23日、東京・味の素スタジアム西競技場。冬の日差しが差し込むトラックに子どもたちの笑い声が響き渡っていた。16年リオデジャネイロ五輪の陸上男子400メートルリレー銀メダリストの飯塚翔太(27=ミズノ)が知的障害を持つ子ども約20人に「かけっこ練習会」(東京都障害者スポーツ協会主催)を行っていた。

アフリカの貧困国など多くの陸上教室の経験がある。ただ知的障害の子を指導するのは初めてだった。「環境面で大変な部分もあると思う。少しでも背中を押せれば」と話した。

まずは「よし走ろう」と声を張り、400メートルトラックをみんなで1周。その後、マーカーを置き、一緒にジャンプ。目線は子どもたちに合わせ、ハイタッチを繰り返す。「そのシューズかっこいいね」など雑談も交えながら、心地よい空気感を作っていく。時折、時に力を入れて走り、一流のすごみも伝える。

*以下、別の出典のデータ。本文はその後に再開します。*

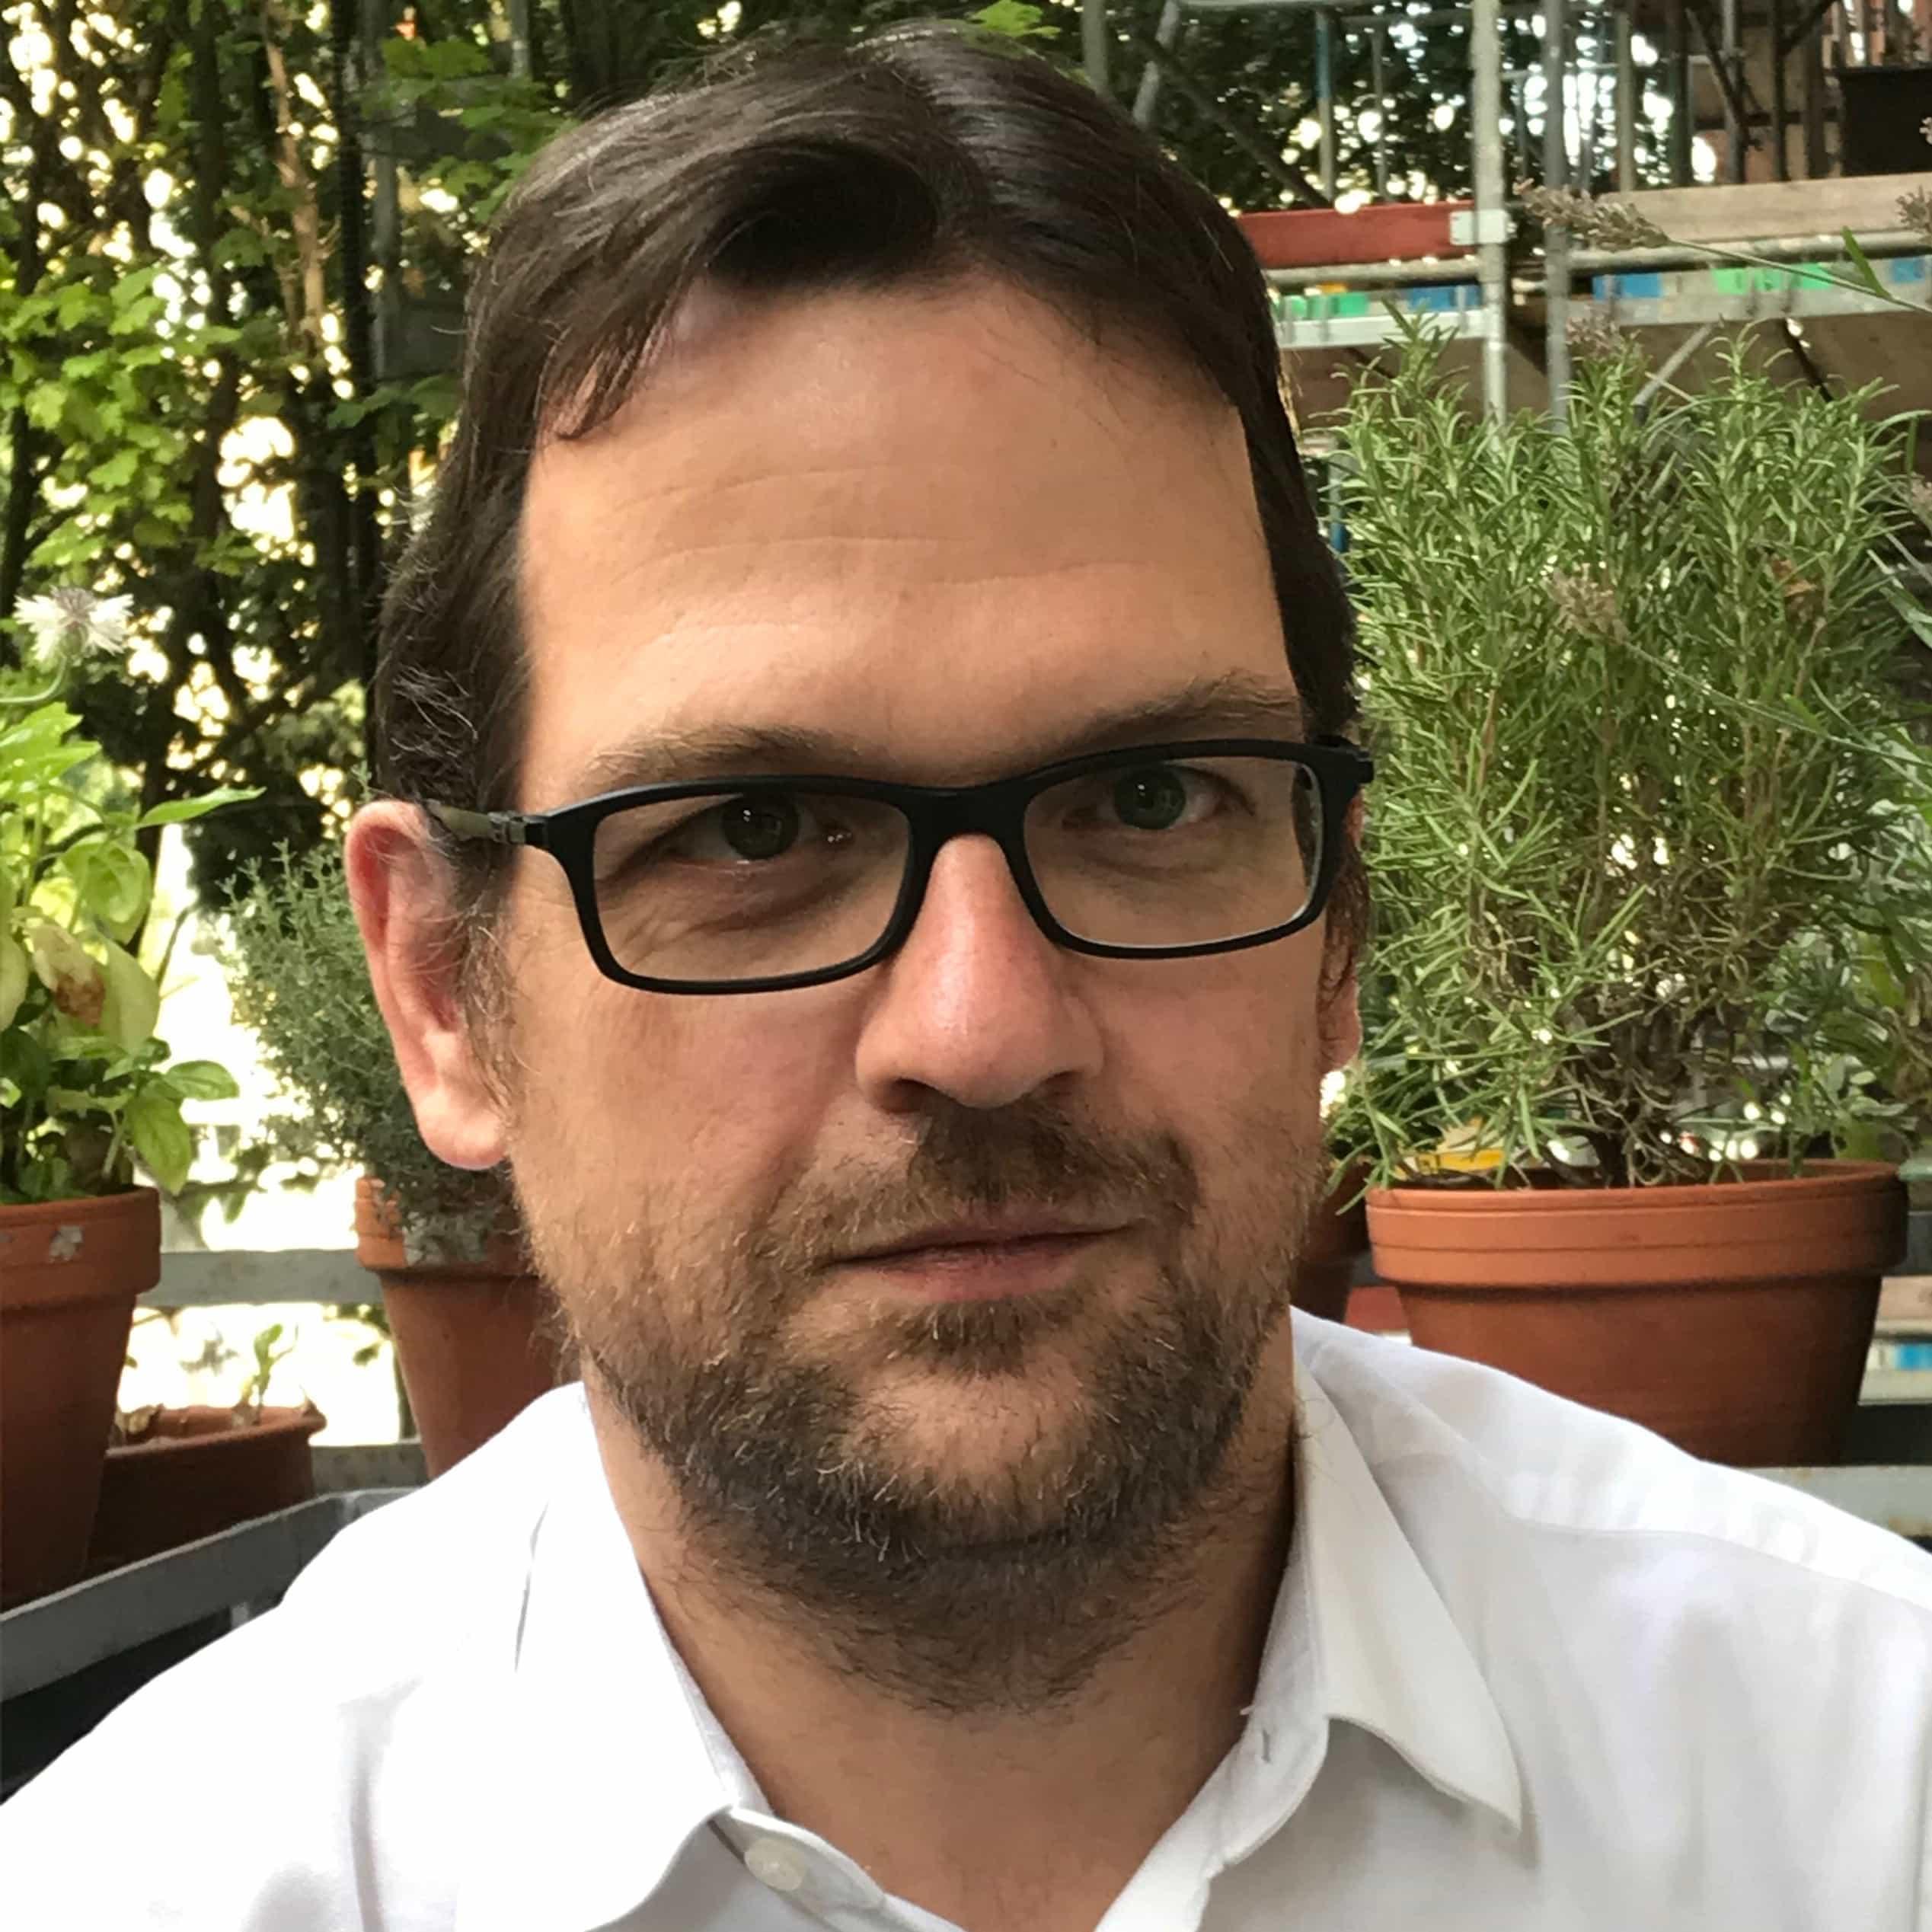 Matthias Traub
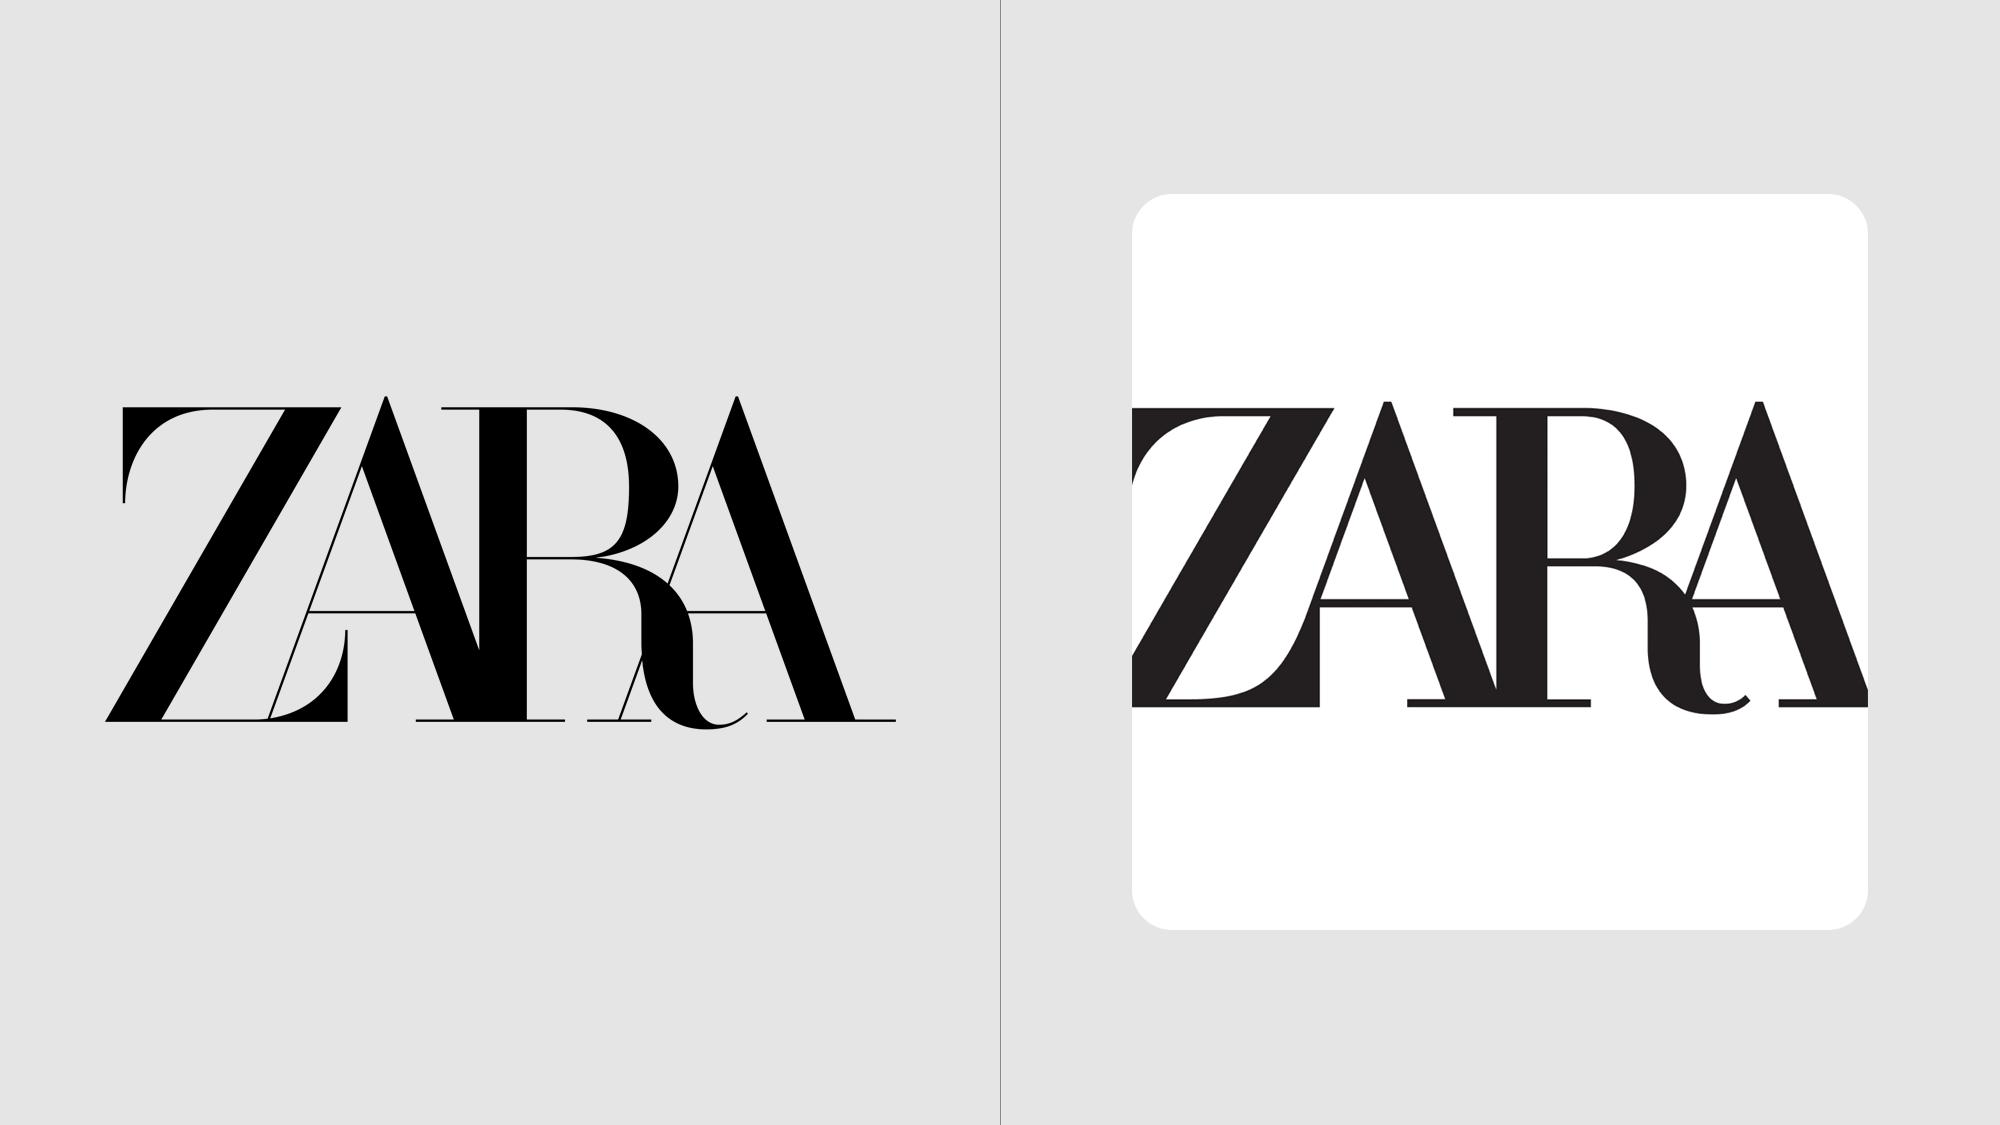 New-er New Zara Logo?

最後はバトンを持って、みんなで渡し合った。

講演会ではパワーポイントの資料を自前で作成するが、同様に陸上教室のメニューも自ら考える。あらかじめ頭の中で内容を組み立てながら、参加した子どもたちの感触を見て「微調整する」のだという。「今日は僕がしゃべるより、積極的に体を動かして、みんなが後ろから付いてくる方がいいかなと思って」と話した。

イベントが終わると、参加した子ども全員の首にリオ五輪の銀メダルをかけた。そして1人ずつ写真撮影に応じた。人を笑顔にするのが好きな実直な人柄。イベントには銀メダルを惜しみなく、持ち歩く。幾多の人に触ってもらったメダルはたくさんの傷が入り、ひももボロボロ。だが気にしない。むしろ、粋に感じる。

飯塚 家にメダルを置いていても、ただ鉄くずと同じなので。いろんな人に見せて、意味が発揮されるものなのかな。

メダルを手にして人が笑顔になるのを見ると、自身のモチベーションも高まるのだという。子どもたちとは「また2年後、メダルを持って報告にくるよ」と約束し、別れた。控室に戻っても疲れた様子などなく、充実感が漂っていた。20年東京五輪(オリンピック)のメダル。結果の先にある意義を感じている。